Pharmaceutical and biotech companies, as well as patients, will feel the consequences of the IRA’s price caps and the inflation-based rebates in the years to come. These consequences will become more apparent once CMS releases its program instructions and proposed regulations. Some of the questions that the IRA raises include the following:
- Will companies launch pharmaceutical and biologic products at a significantly increased price to minimize the throttling effects of the IRA’s inflation-based rebates? Or will manufacturers consider the inflation-based rebate as a simple penalty for doing business, and raise prices despite the consequences? Conversely, in times of significant inflation, will some companies find cover for even greater price increases?
- Will commercial payors want the same deal as the government, especially given price-protection provisions and most-favored-customer clauses found in most PBM and payor agreements?
- Considering the complex calculations CMS uses under the Medicaid and 340B reimbursement programs, how significantly will the Medicare-program rebates that manufacturers must pay increase, and how much lower will ceiling prices fall under the 340B program?
- Will manufacturers expedite their research on additional indications for an approved drug?
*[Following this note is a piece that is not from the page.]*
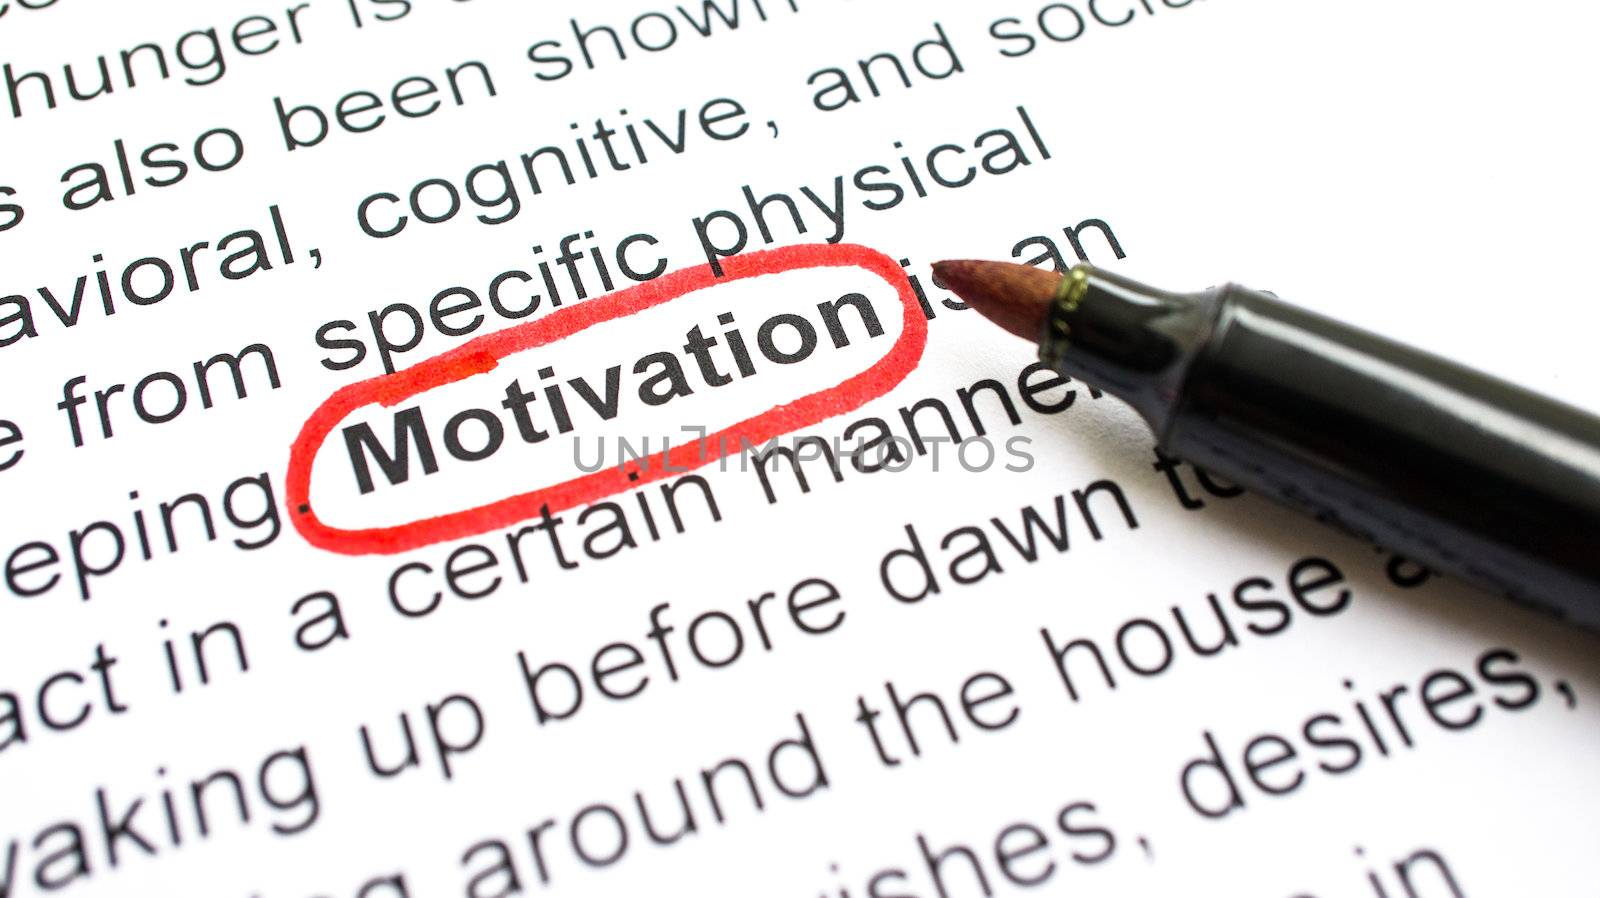 Motivation explanation with heading circled in red

Once the drug is subject to the IRA’s price-negotiation provisions, they will apply to all indications—and companies may want to earn as much revenue as possible from additional indications once approved.
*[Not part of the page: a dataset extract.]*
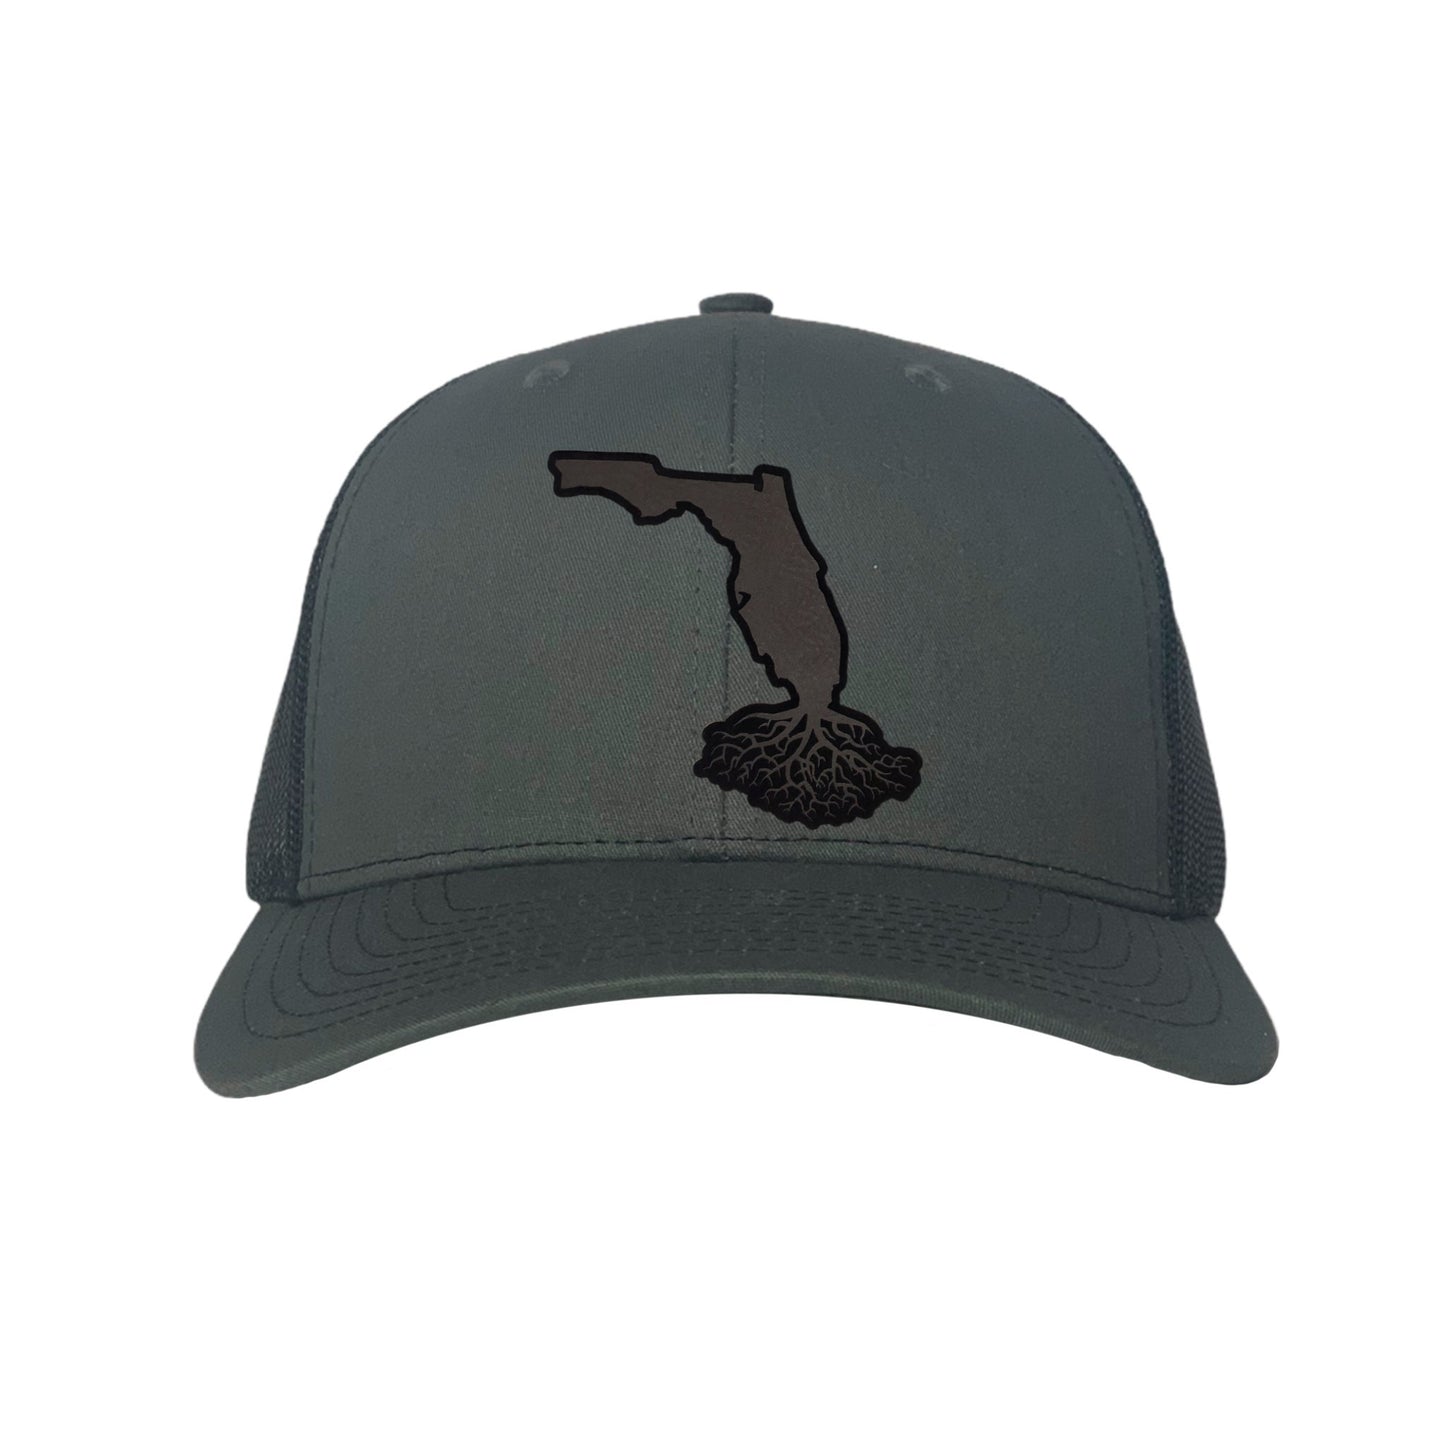 Florida Roots Patch Trucker Hat - Hats

- Perhaps companies will shift focus from small molecules to biologics, which can yield an extra 4 years of protection from Medicare price caps. As a result, will the market experience an influx of more costly biologics as opposed to less expensive small molecule drugs?
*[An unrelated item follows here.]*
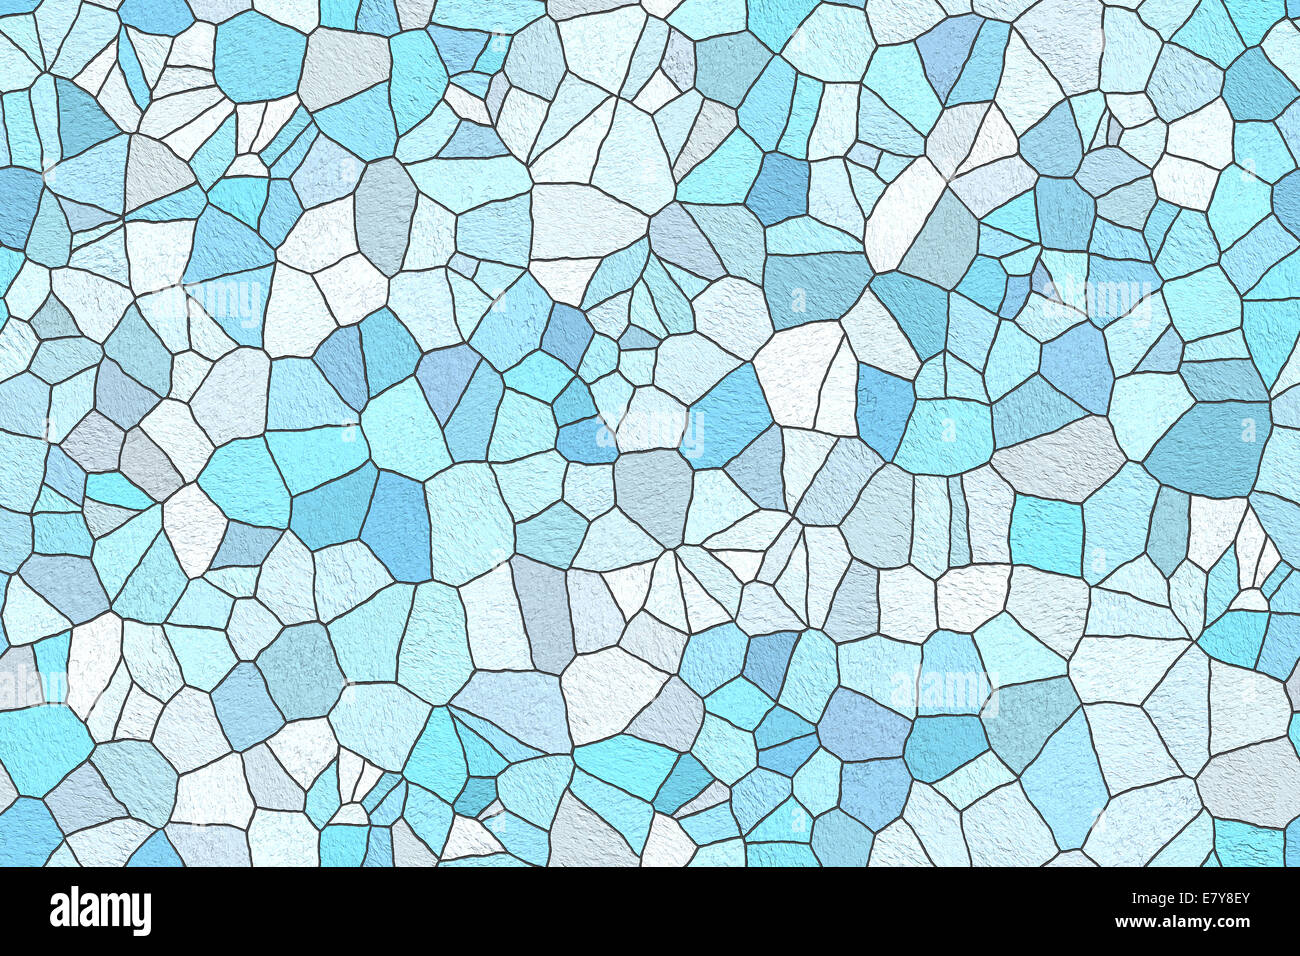 Raster illustration of a pastel blue crushed stained glass mosaic surface for use as a background Stock Photo

- Could another consequence be a shift from research on multiple indications of the same molecule to research on different molecules to preserve each separate molecule’s pricing integrity?
- Will companies in the rare-disease space limit their research to only one potential indication to preserve their protected status under the IRA, as the inclusion of a second orphan indication could expose a company to the drug pricing “negotiation” provisions?
- Will biologics companies encourage biosimilar companies to expedite their programs to be exempt from the IRA’s negotiated pricing provisions for biologics?
Despite these open questions, one thing is certain—the IRA’s provisions on drug pricing will have an impact on the pace of innovation in the industry and produce challenges for companies seeking to advance new technology. And the IRA will do so through an expanded federal bureaucracy with largely unchecked administrative procedures without the prospect of judicial review and largely without input and buy-in from the public. Whatever one thinks about pharmaceutical pricing, the IRA’s approach is problematic at best.
CMS will likely issue program instructions in the near term, especially because some of the IRA’s provisions are already effective and the process for selecting drugs subject to the IRA’s price “negotiation” provisions should start in 2023. CMS will hire nearly 100 people to implement the variety of drug pricing requirements from the IRA. Drug companies will continue to react—most likely negatively—to the IRA. And the only real impact patients will feel is in the IRA’s downward pressure on innovation in the biotech and pharmaceutical space and, in at least some potential scenarios, further increased drug prices.